Album: Selected Recordings

Label: ECM

Review date: Jun. 11, 2002


Selected Recordings is part of ECM's new Rarum series, in which artists or groups are asked to assemble their own best-of compilation from their favorite ECM performances. The Art Ensemble of Chicago's contribution to the Rarum series collects tracks from the group's four ECM albums, as well as non-AEC pieces from group members Roscoe Mitchell and Joseph Jarman and the late Lester Bowie.

Two tracks by Bowie-- the Art Ensemble's "Charlie M," from 1980's Full Force, and "Rios Negroes," from Bowie's 1981 solo LP The Great Pretender-- appear early on the album. On the former, Bowie squawks through a raunchy walking blues, and on the latter, bassist Fred Williams guides the rest of Bowie's quartet through a brisk, Latin-inflected vamp-a-thon that pianist Donald Smith punctuates with gloriously giddy polyrhythms. Both pieces are fine, even excellent, at what they do. But their conventional arrangements and structures sound positively quaint next to the Art Ensemble's "Magg Zelma," which announces its arrival with a splatter of bird-call saxophone wails, then settles into a lulling meditation for gong, vibraphone and other tuned percussion instruments, before finally morphing into percussive yet free-flowing avant-jazz.

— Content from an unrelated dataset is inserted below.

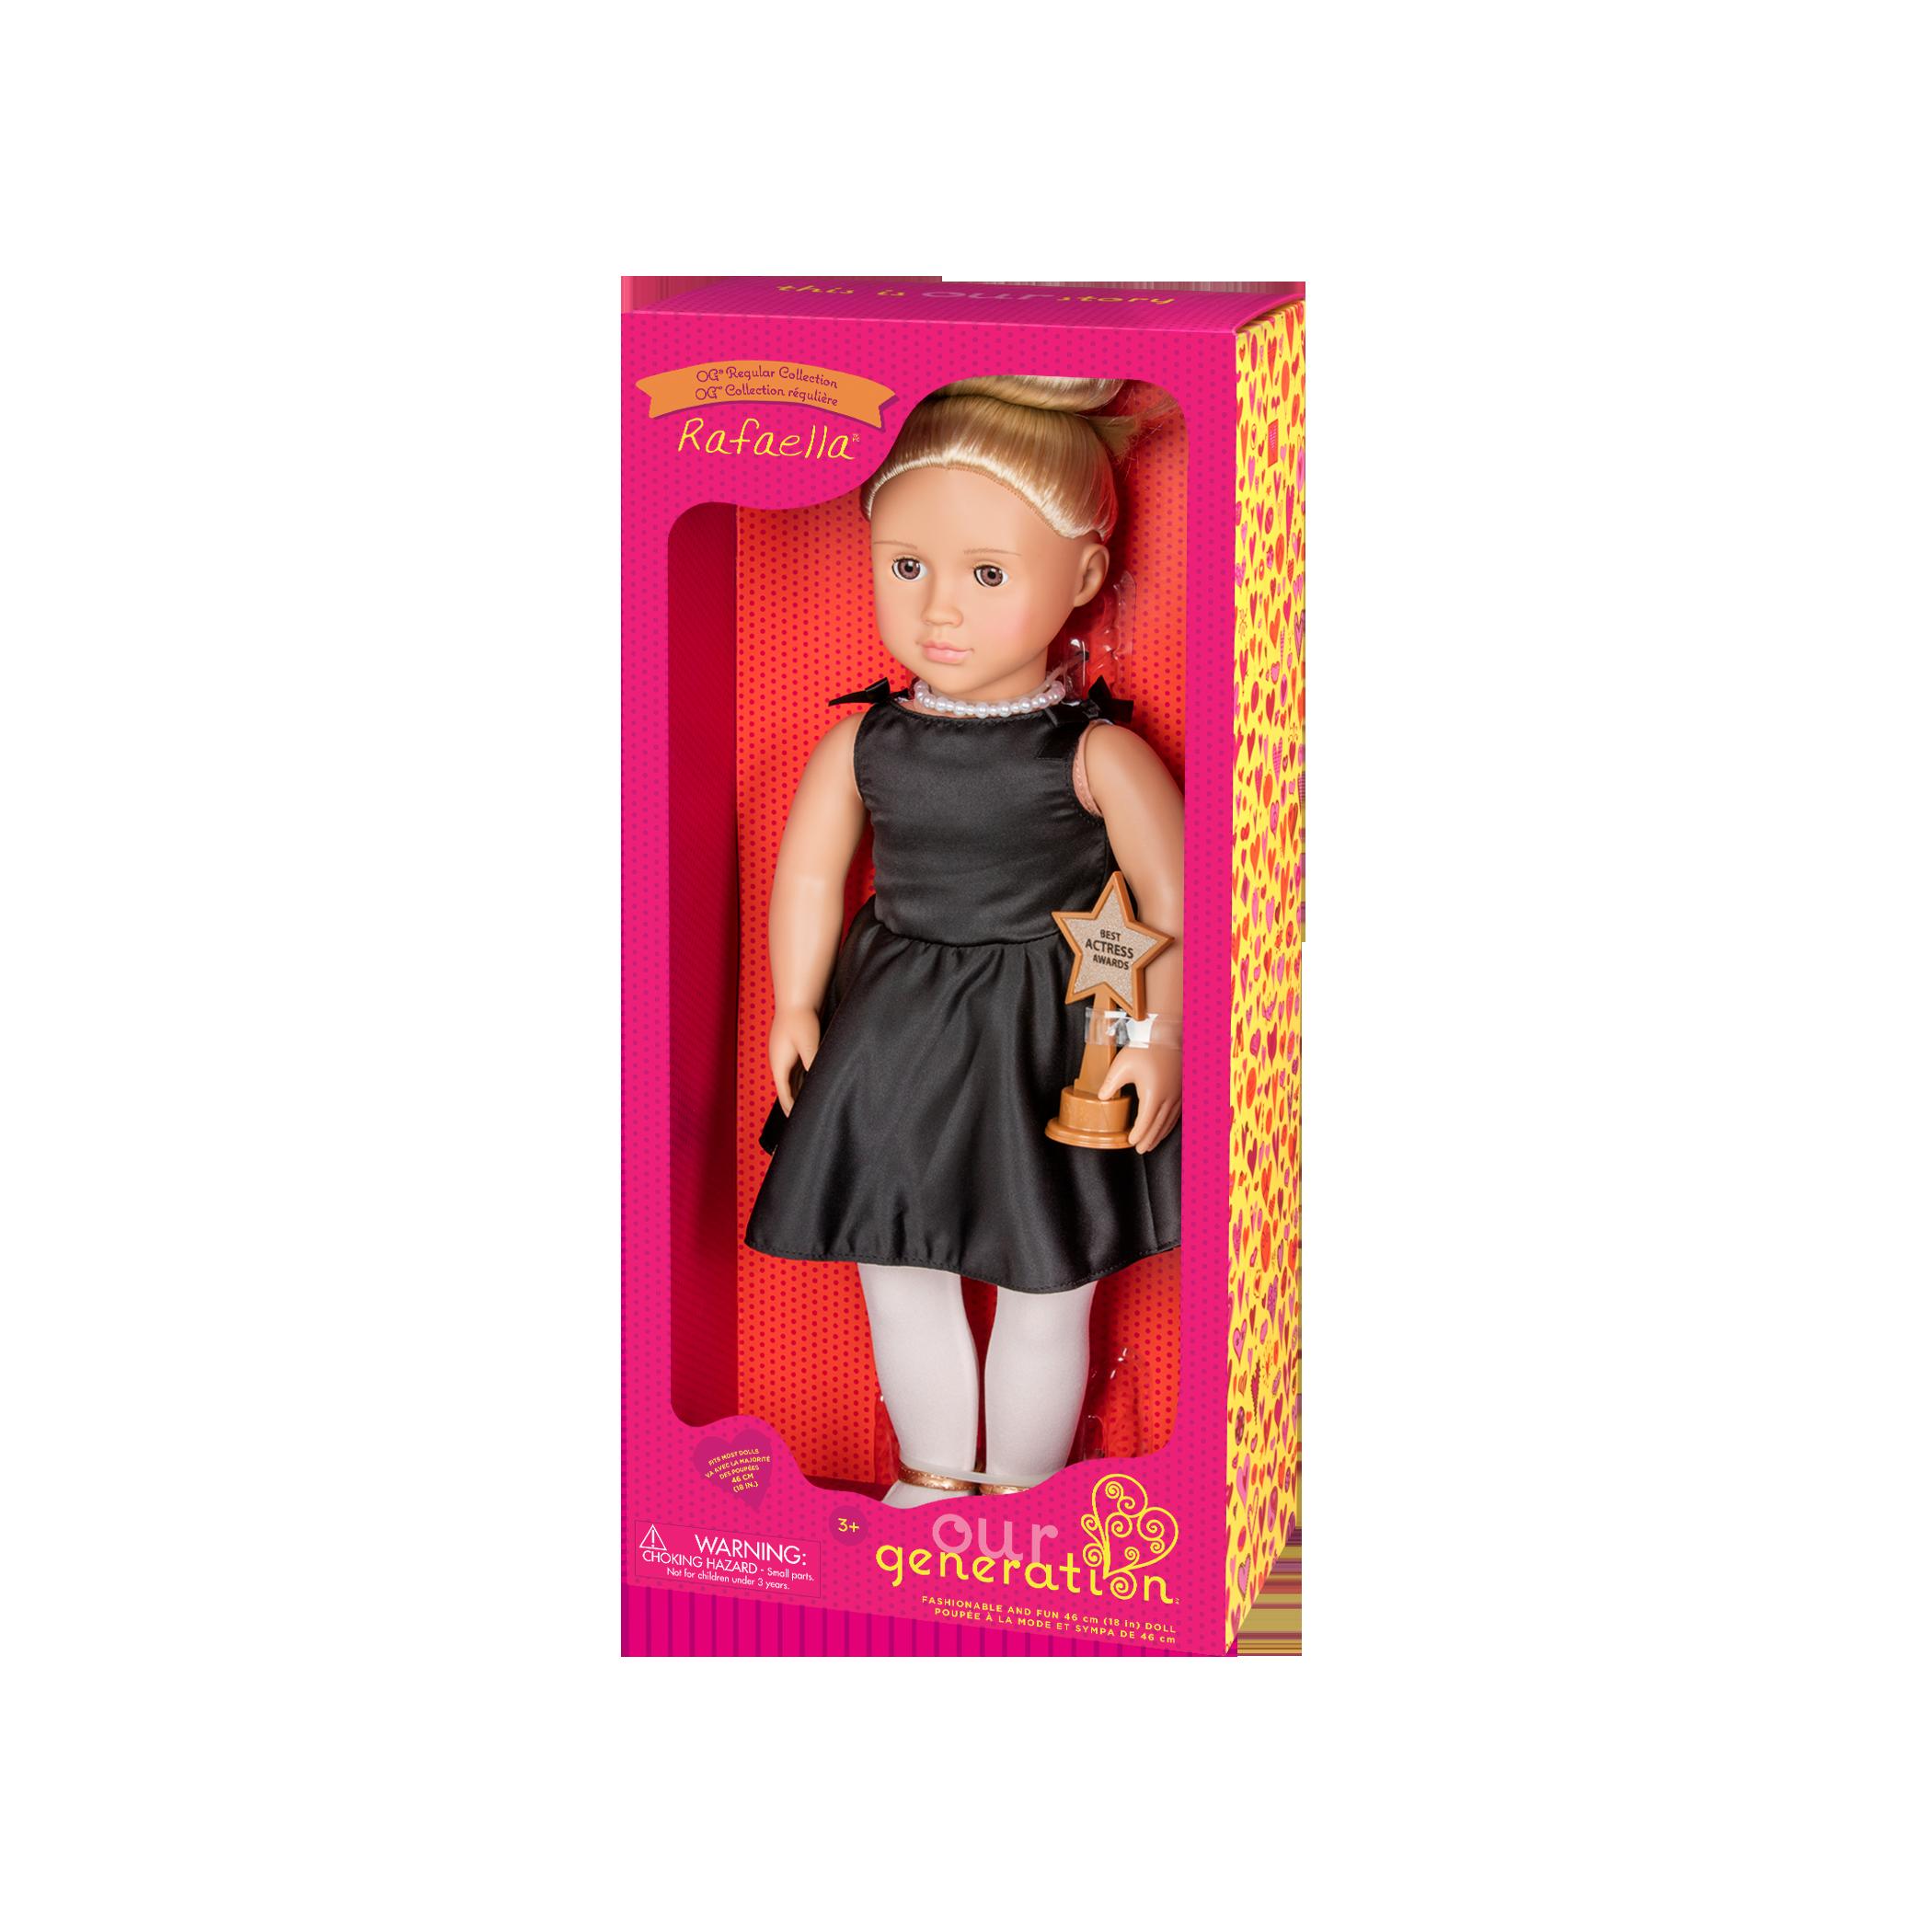 Rafaella Regular 18-inch Actress Doll in packaging

And so it goes throughout Selected Recordings: don't expect much in the way of cohesion, but expect to be startled by much of this music, unless you've already heard all of it. Also, expect a lot of reverb-- ECM sessions are known for their pristine, echoing production, and none of these is an exception. The rich recordings work well for the more conventional tracks, in which the reverb fills out the group's sound. The stranger pieces, however, with all their exotic percussion instruments and whistle calls, often sound like folk music from a culture that never existed, and it would be easier to hear them as such with drier, less obviously modern-sounding production. The gritty, uncomplicated sound quality on some of the Art Ensemble's early albums, like 1969's Tutankhamun, is better suited to the group than ECM's concert hall-like recordings.

Still, a lot of the music here, like the wind-chime washes and urgent alarm-call sputters on "Folkus" and the hectic free interplay from Mitchell, pianist Matthew Shipp and trombonist George Lewis on Mitchell's solo recording "Nine to Get Ready," sounds way ahead of the curve. Selected Recordings isn't the most cohesive or best-recorded Art Ensemble record, but much of it sounds ahead of its time, and it's a fine introduction to the group's work from the late 1970s to the early 1980s.